• [AVAILABLE DATA]:

::::::

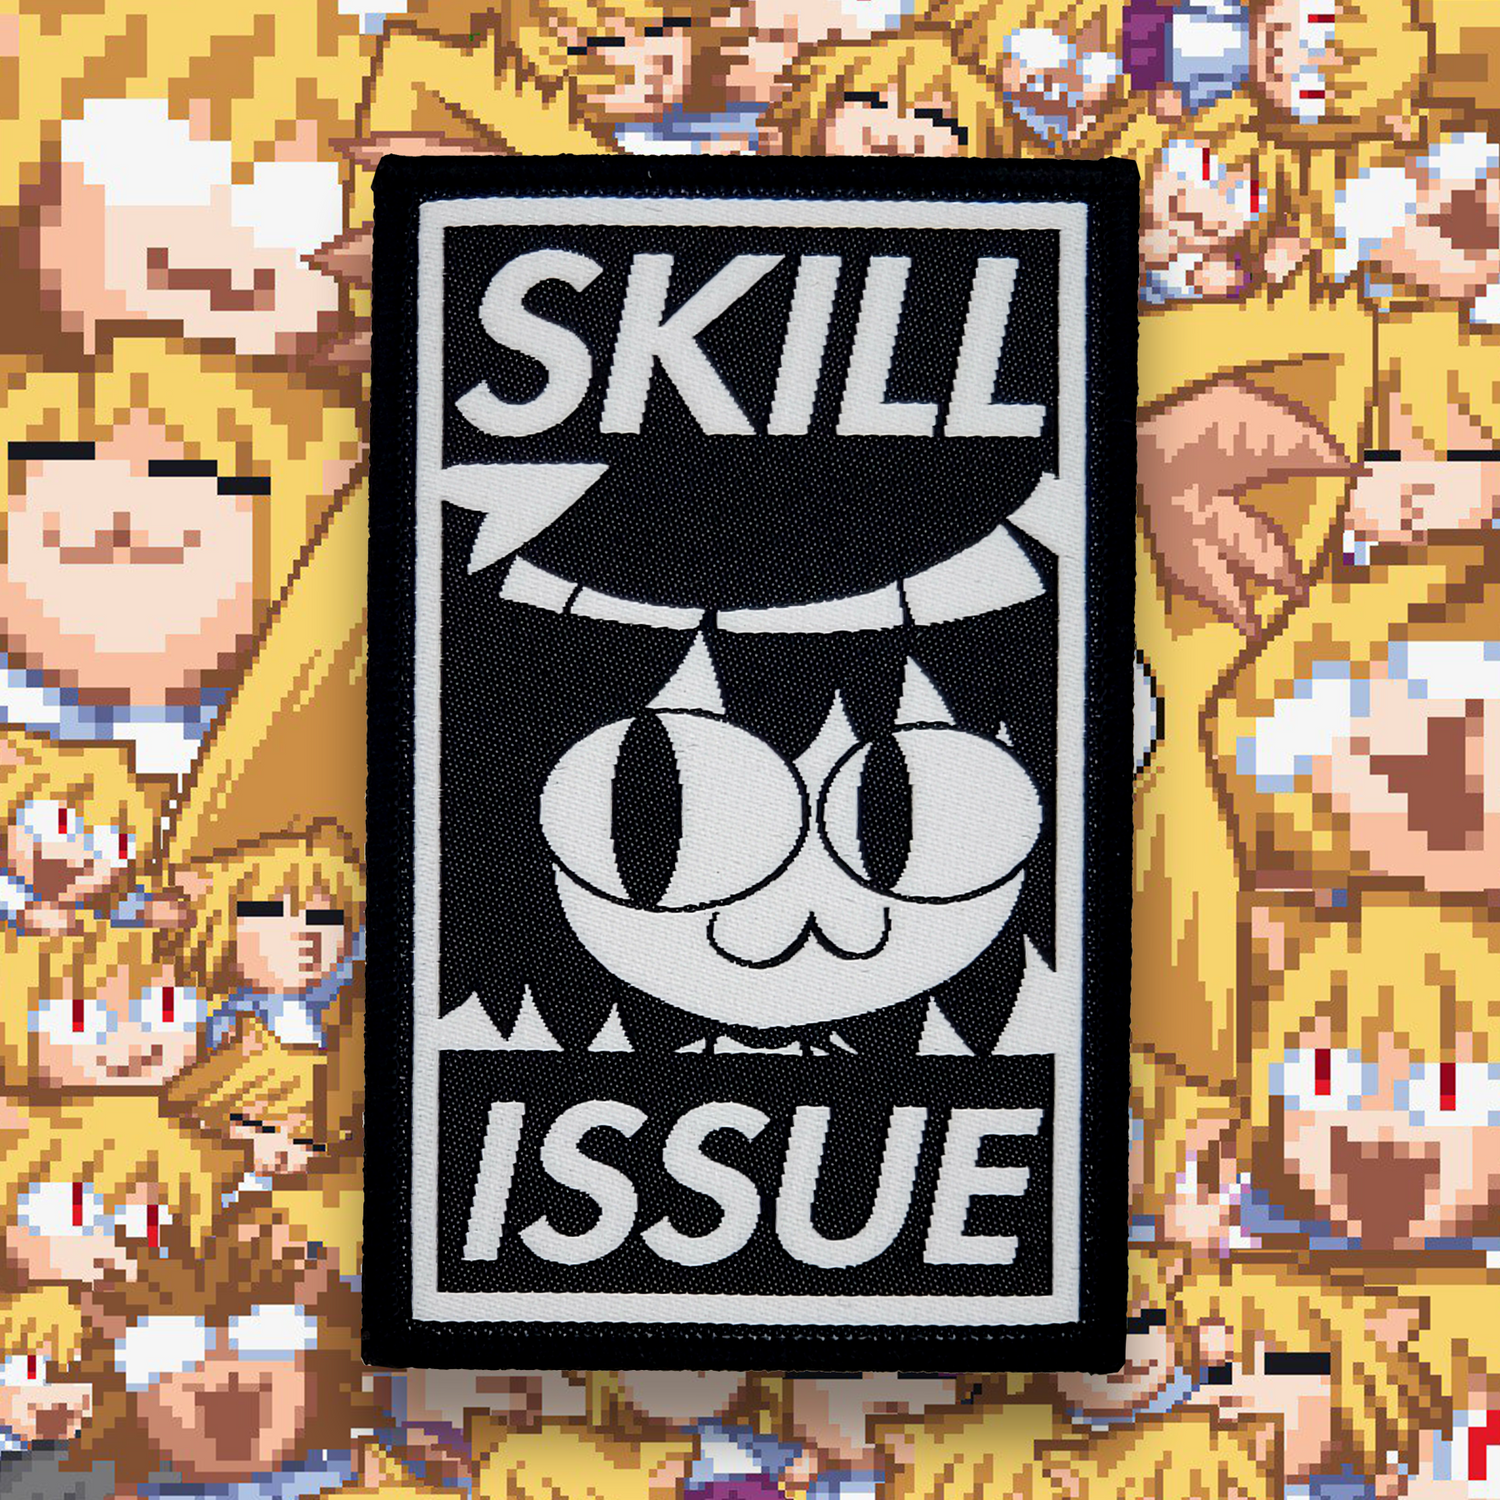 Skill Issue
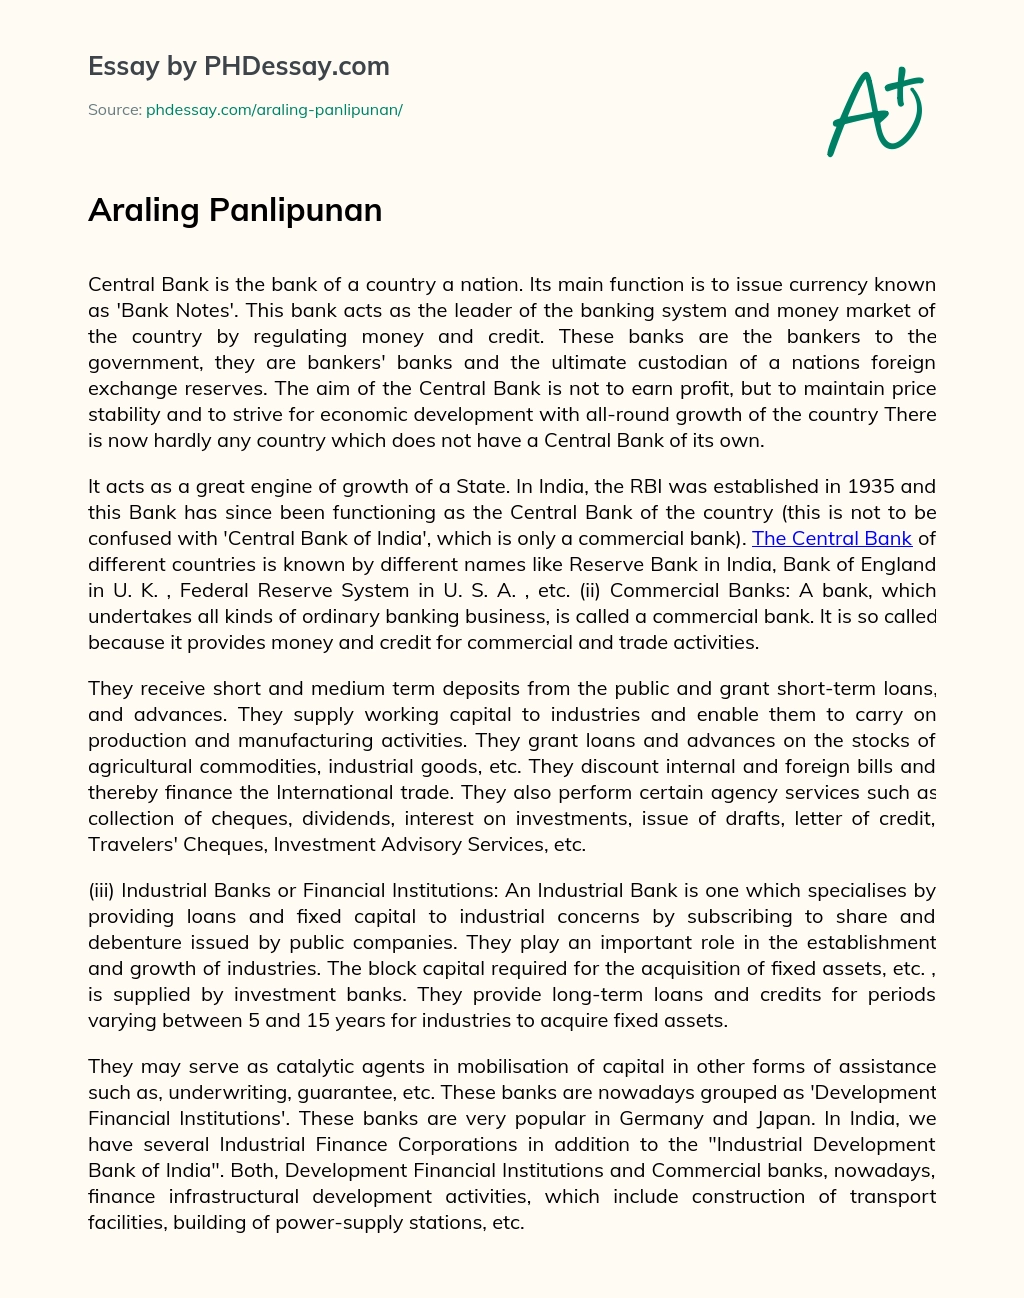 Araling Panlipunan essay
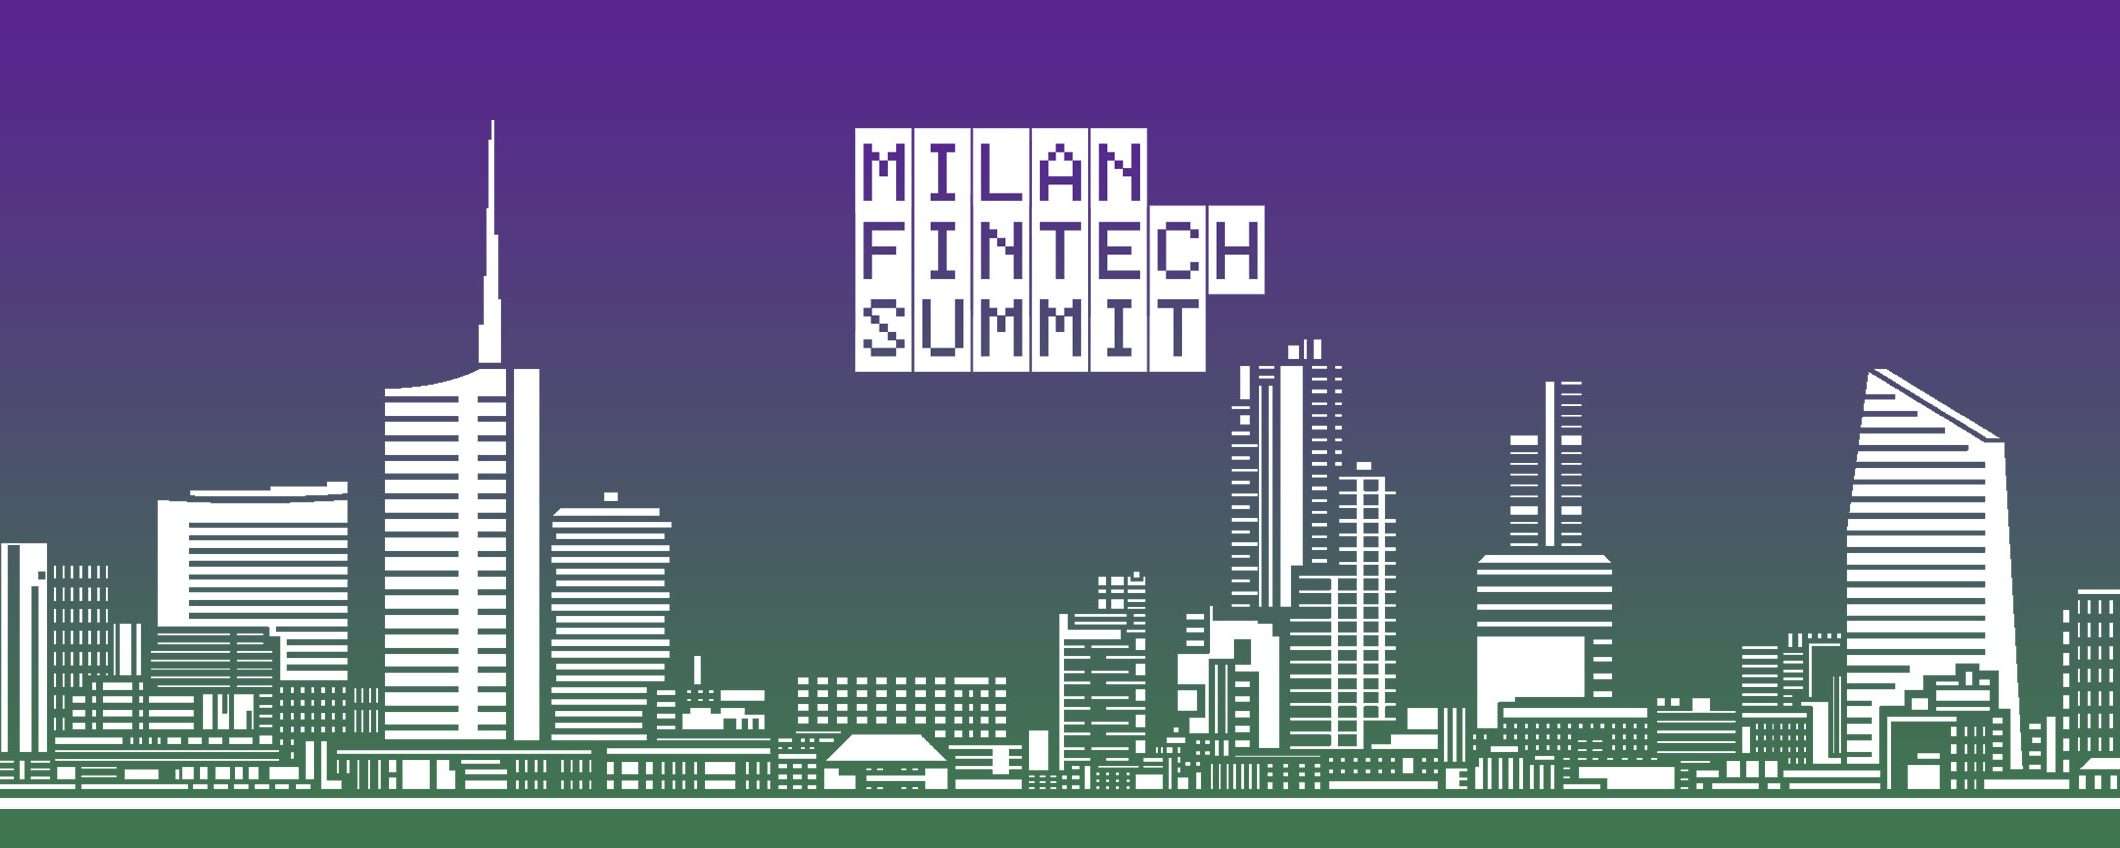 Milan Fintech Summit, terza edizione dal 5 ottobre
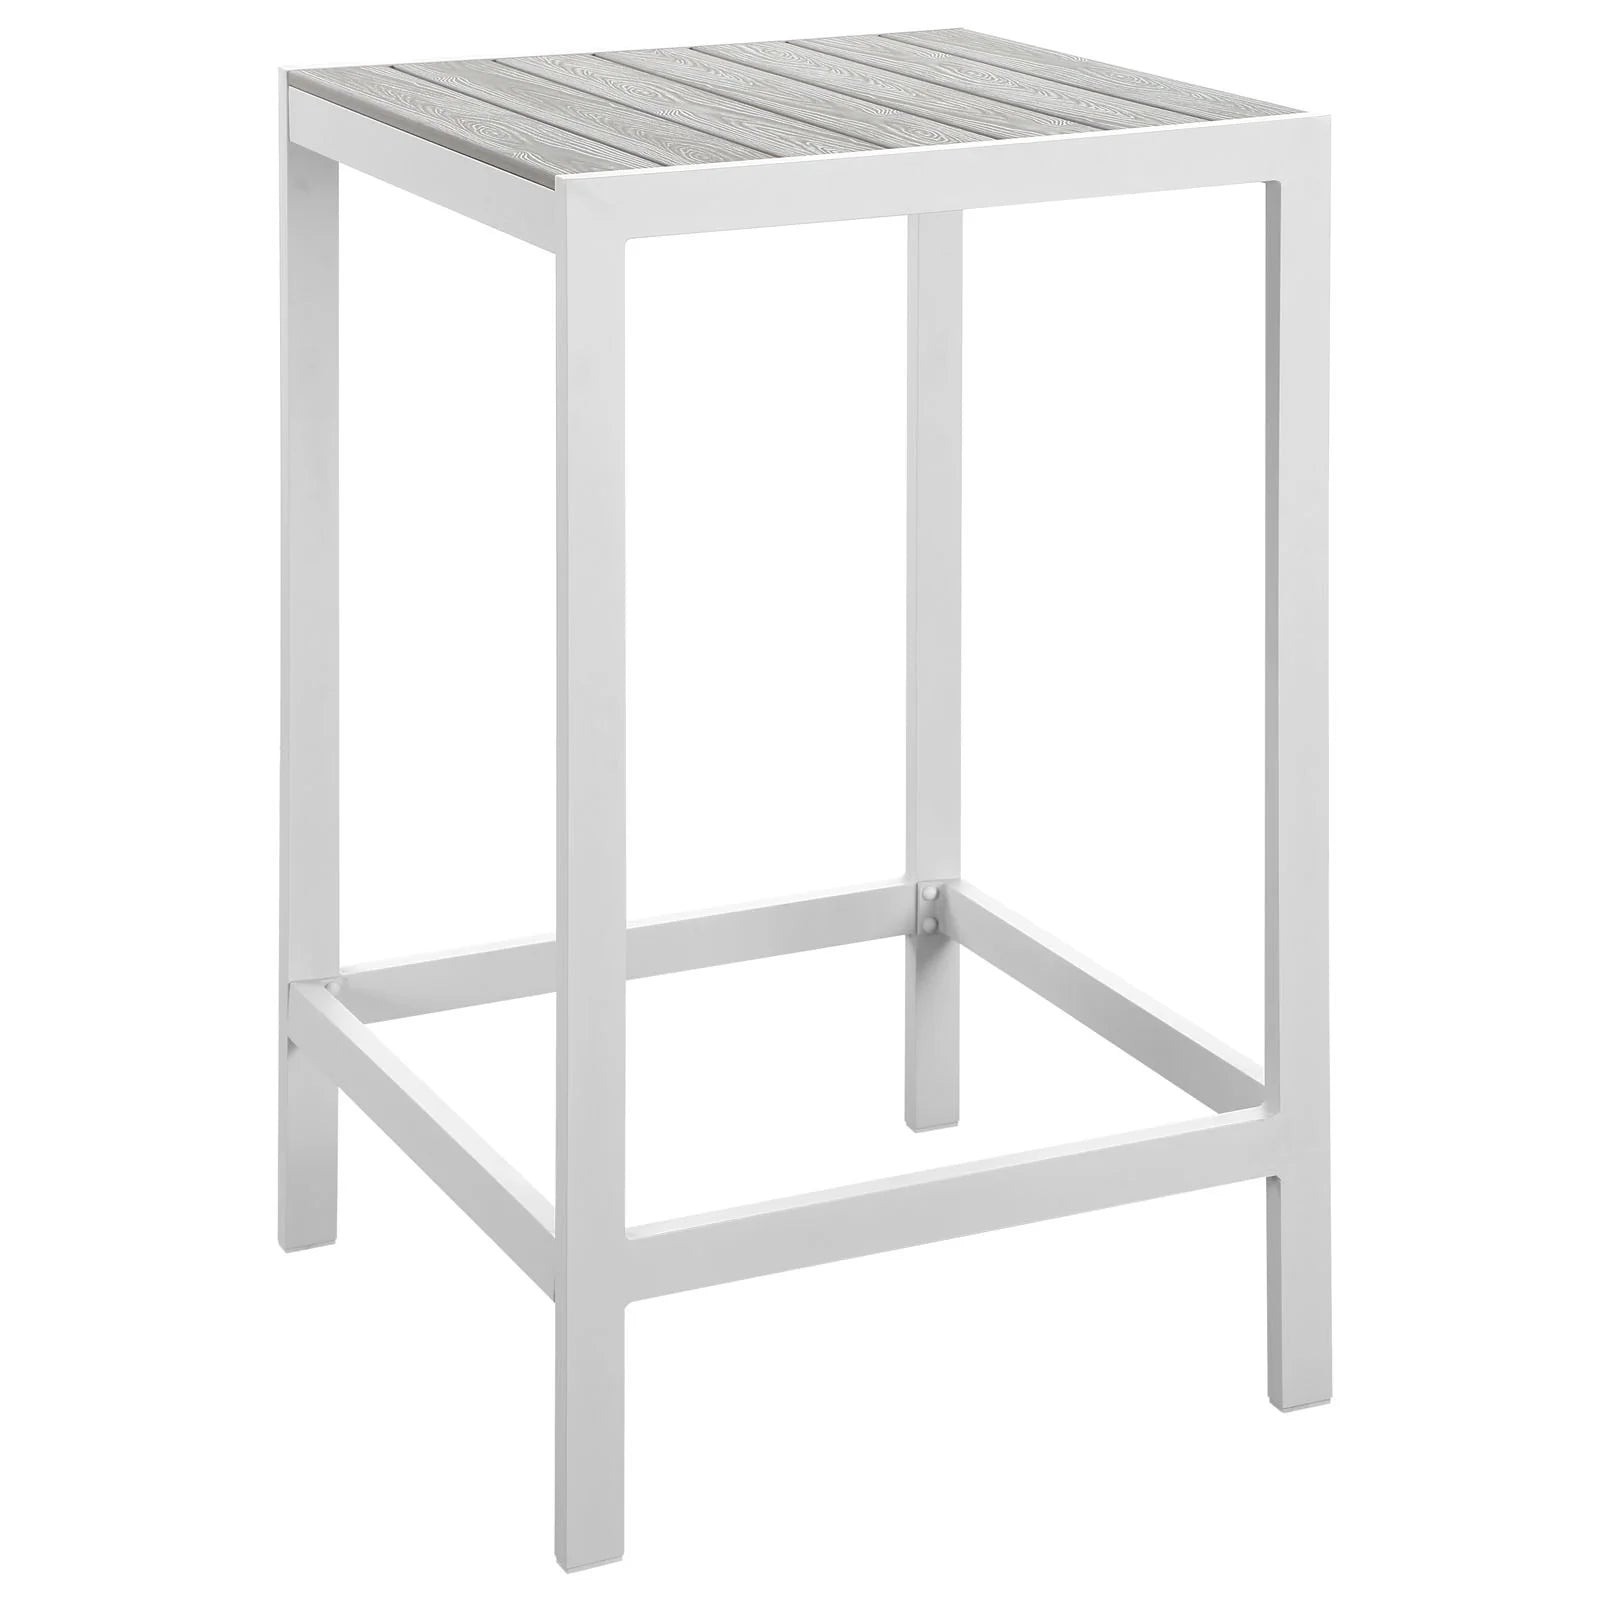 Mesa de barra para exterior de madera sintética y aluminio Lore color gris claro.

::::::

• [THE TASK]: Retype the listing exactly. Leave out its pictures.

• [WRITTEN ANSWER]:
 Skill Issue
 Araling Panlipunan essay
 Milan Fintech Summit, terza edizione dal 5 ottobre
 Mesa de barra para exterior de madera sintética y aluminio Lore color gris claro.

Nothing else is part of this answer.